# Swimming Overloaded



## Cathy's Gunner (Dec 4, 2008)

Sorry I don't have any answers for you but hopefully someone on here can help. Goldens do love the water. I hope you can find some answers. Good luck.


----------



## FlyingQuizini (Oct 24, 2006)

My Golden is similar -- in that he'd be beside himself to be in a yard with a pool, but not actually allowed in it. When at my friend's house with a pool, they have a little x-pen that goes up at the steps b/c all our dogs are trained to only enter at the steps, not jump in from the side. When the fence is up, they no they can't go in. He still runs around the yard, all excited, wanting to go in. We've done enough training that he will come to me and do other stuff - but you can see that the pool is still top-of-mind for him.
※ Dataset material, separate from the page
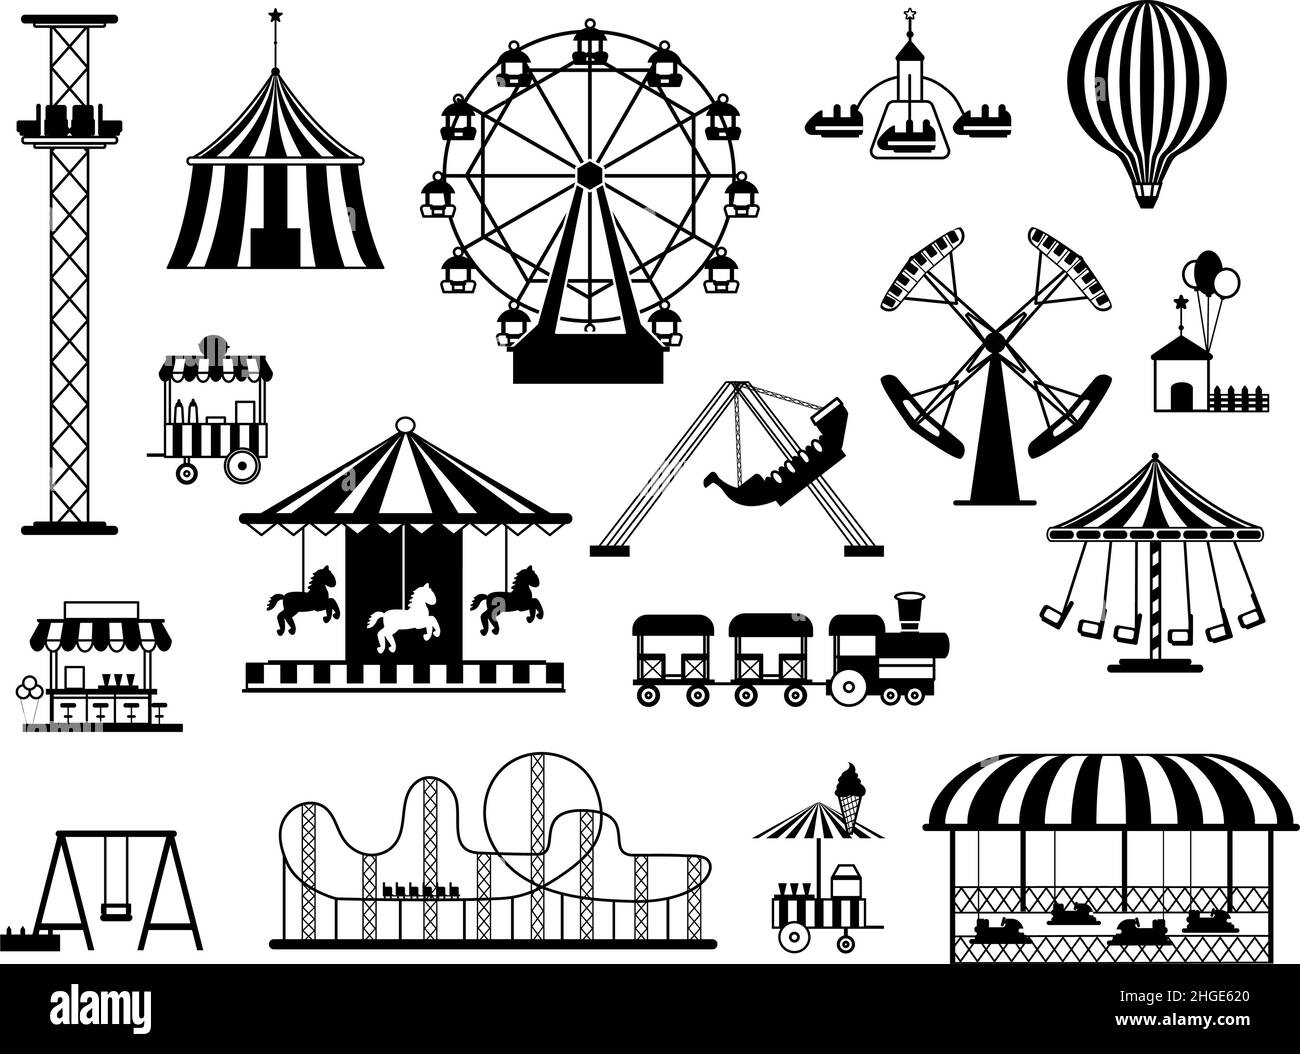 Divertissement parc de carnaval attractions et caressels silhouettes noires.Tente de cirque funfair, balançoires, train et ballon d'air chaud vecteur ensemble Illustration de Vecteur

You need to either A. make it more rewarding to not be in the pool... i.e., training with SUPER HIGH VALUE treats/combined with probably some relaxation exercises in the yard, but as far away from the pool as possible to help him calm down or B. manage it when you visit by not letting him out by the pool if you don't want him in it. Which, honestly, considering that it's not your house, so you only visit, might be the easiest thing. If I've misunderstood and you live with your inlaws, then consider the training route and expect it to take a couple months of diligent work.


----------